2. Application of DPA

For the purposes of the processing carried out by Sojern pursuant to the Agreement, Sojern’s role as a data processor or data controller with respect to Personal Data processed by Sojern shall be set forth in the applicable Agreement.

3. Use of Personal Data

Except as expressly permitted herein or in writing by Company, Sojern will not directly or indirectly (a) disclose, sell, distribute or transmit Personal Data to any third party, or (b) use Personal Data for any purpose other than to provide Company the Service under the Agreement, and in accordance with all applicable privacy and data protection laws.
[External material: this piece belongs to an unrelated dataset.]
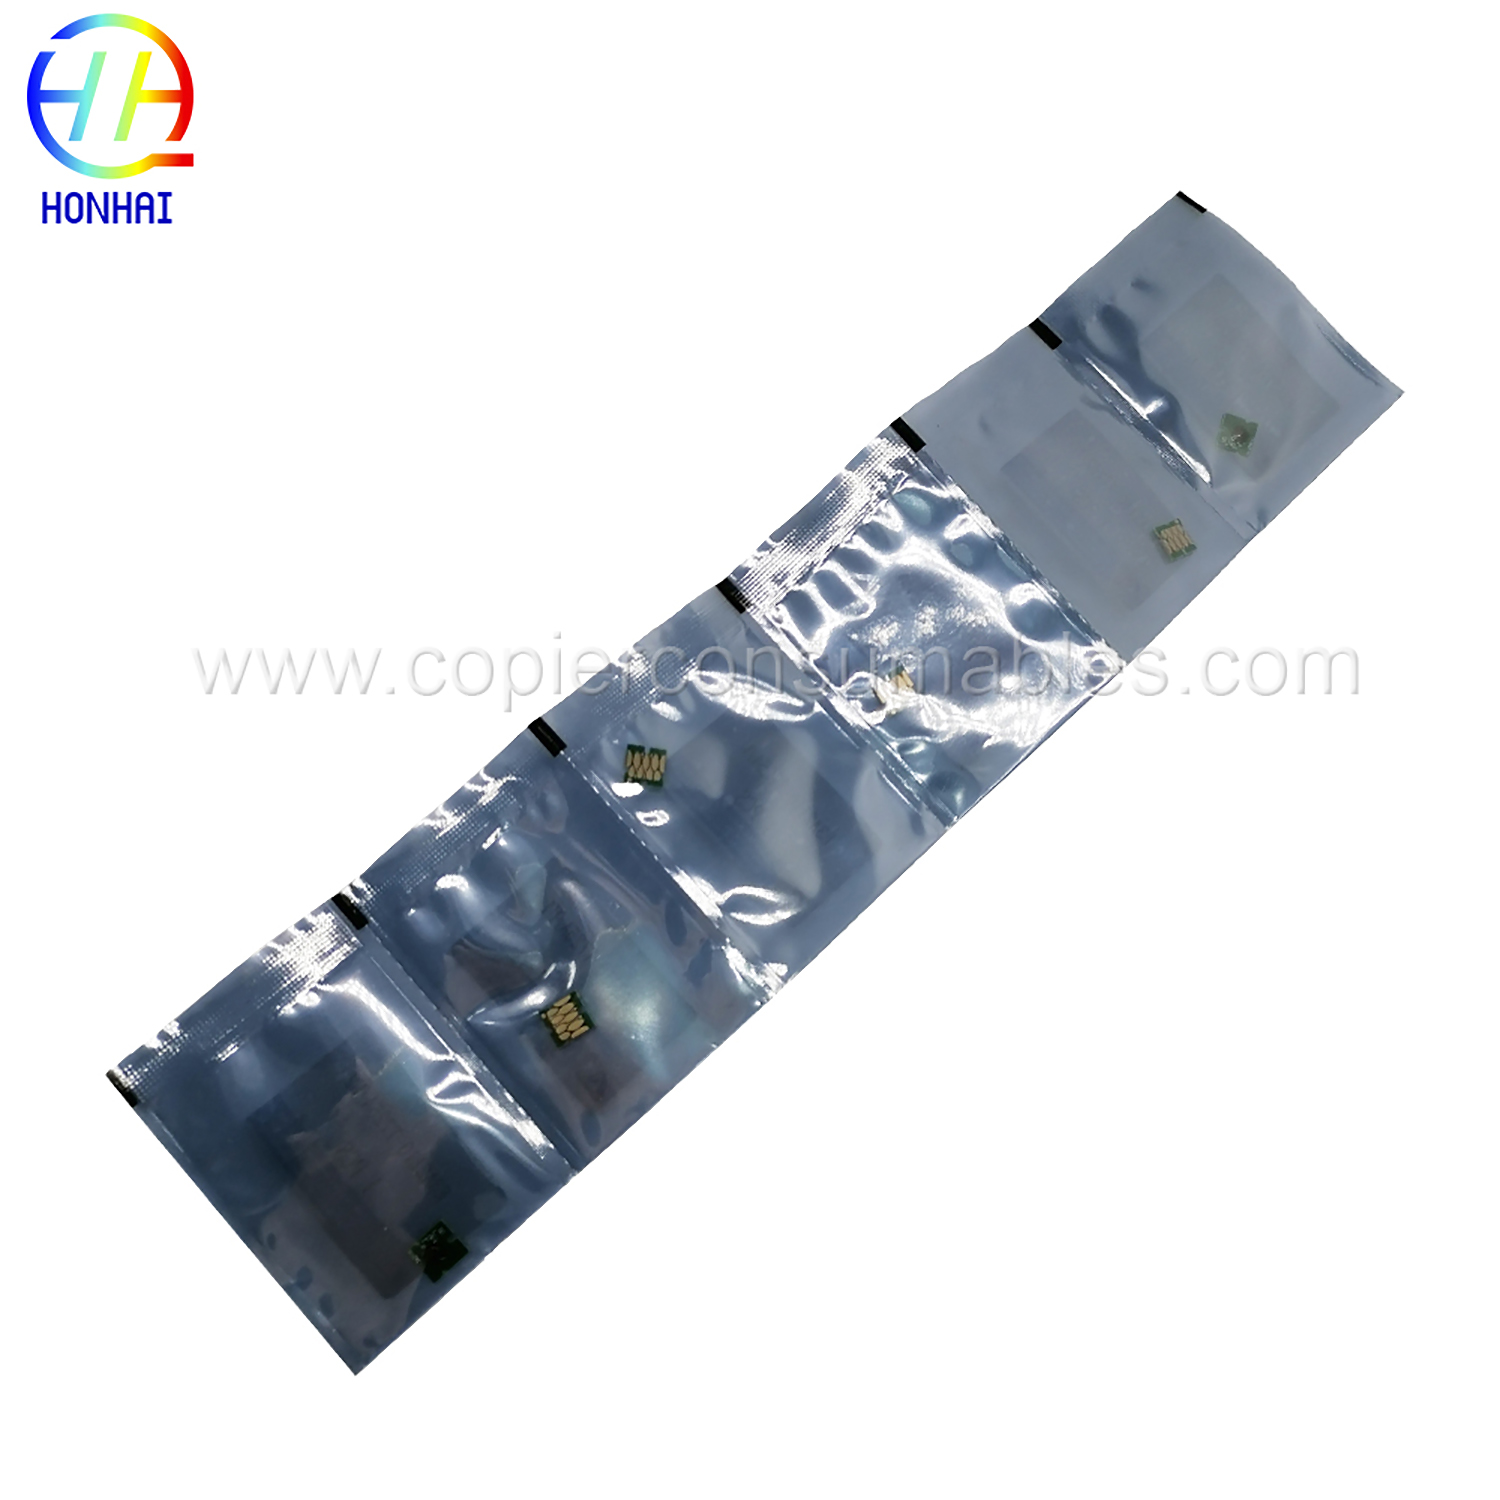 Refillalbe Chip Cartridge Ink For Epson F2000 F2100 F2130 (1) 拷贝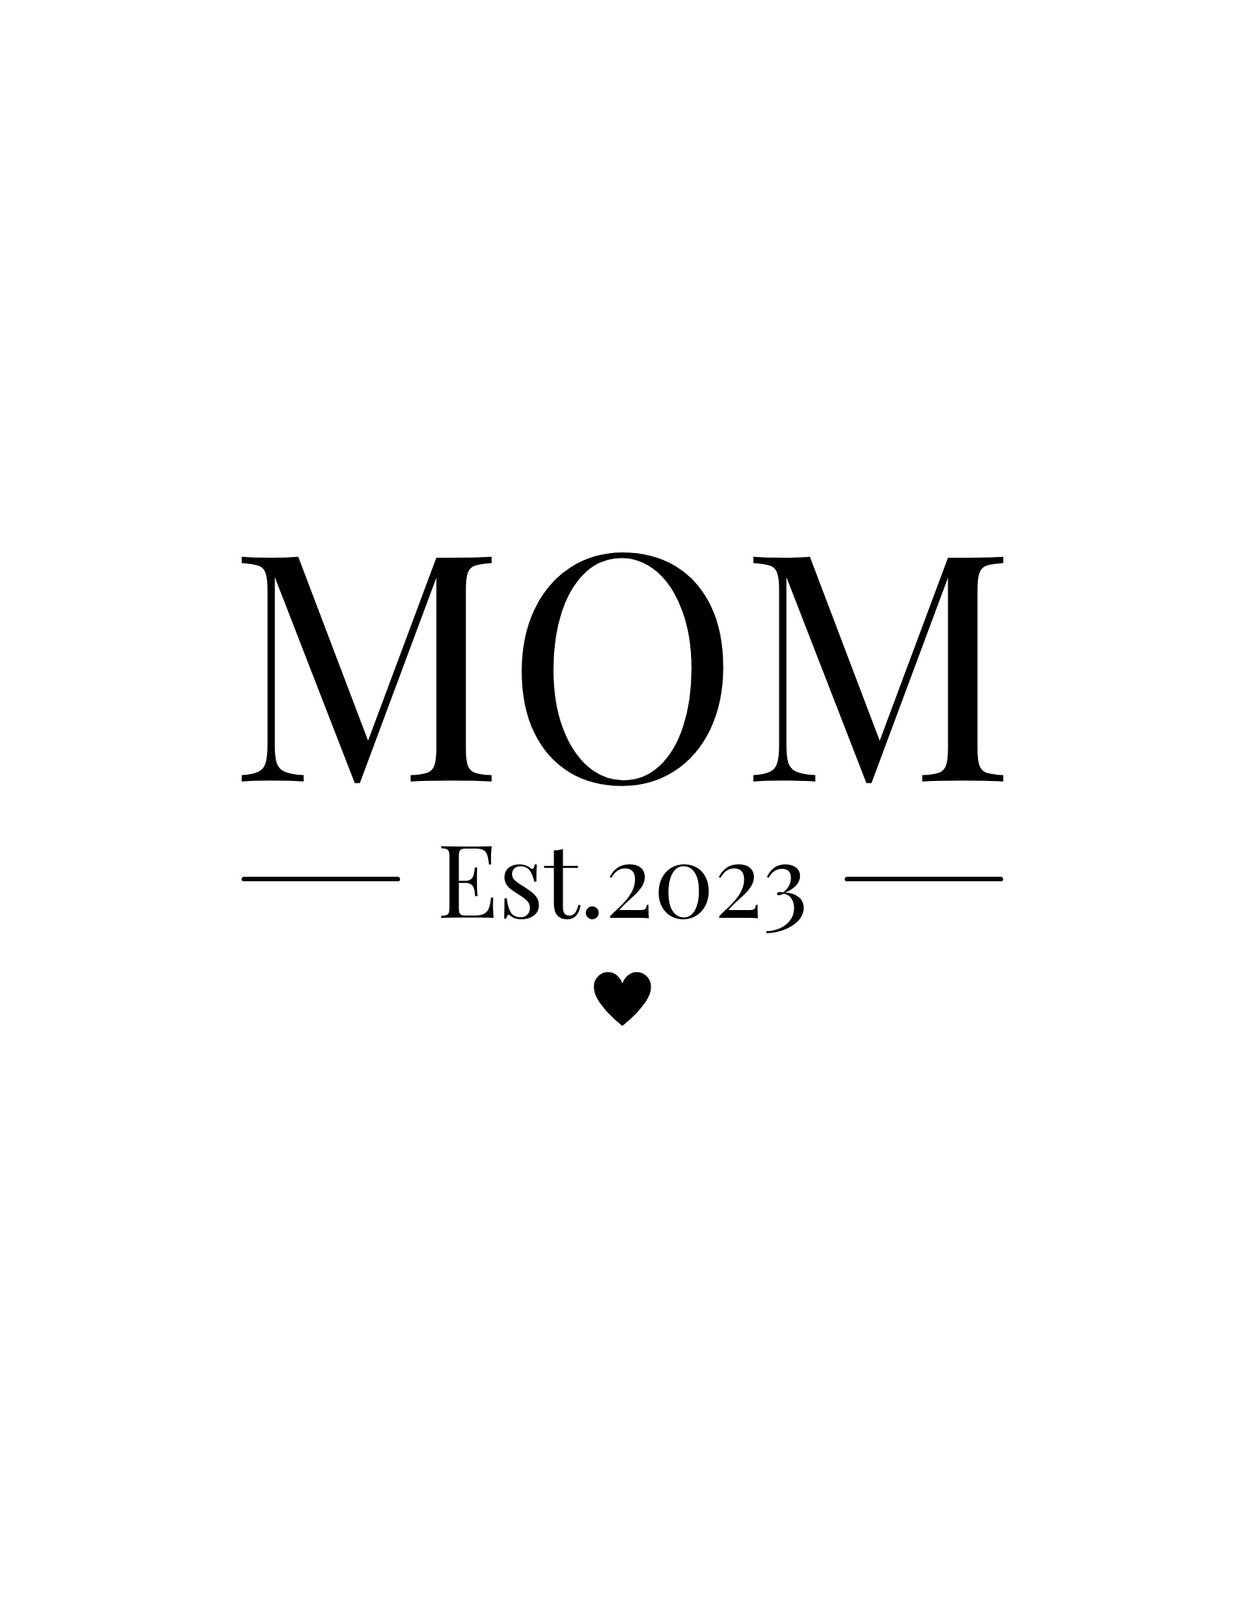 Free and customizable mom templates

4. Compliance with Law; Other Instructions

Each party certifies it understands its obligations under applicable privacy and data protection laws and shall process Personal Data in accordance with all applicable privacy and data protection laws. Where Sojern is acting as a data processor, Sojern will perform the processing as documented and instructed by Company in the Agreement, unless otherwise notified by a regulatory authority that such processing does not comply with applicable privacy and data protection laws, in which case Sojern will promptly provide Company with written notice of that regulatory notice and may cease processing Personal Data until the regulatory issue is resolved.

5. Records; Cooperation for Compliance

Each party will maintain a written or electronic record of the processing of Personal Data. Each party will reasonably cooperate with the other party in complying with applicable privacy and data protection laws with respect to data impact assessments, records of processing, related requests or consultations with data protection authorities, and audits in accordance with the applicable Agreement to enable Company to confirm that Sojern have complied with its obligations under applicable privacy and data protection laws and the Agreement.

6. Sojern Privacy Policy

The parties acknowledge that Sojern does not maintain a direct relationship with individuals whose Personal Data is provided to Sojern. As such, where required by applicable privacy and data protection laws, Company will make available the Sojern Privacy Policy available at https://www.sojern.com/privacy/privacy-policy/ to individuals whose Personal Data is processed by Sojern

7. Notice, Consent, and Opt-Out

Company shall provide notice to, and obtain consents from, individuals as required by applicable privacy and data protection laws regarding Company’s collection, use, and disclosure of Personal Data. If applicable privacy and data protection laws require mechanisms by which individuals may exercise rights, including but not limited to opt-out rights, Company (or such other party who is responsible for the collection of Personal Data on behalf of Company), shall provide such mechanism to individuals. Company will be presumed to have provided appropriate notices and have obtained appropriate consents, if required, from any individuals whose Personal Data is provided to Sojern.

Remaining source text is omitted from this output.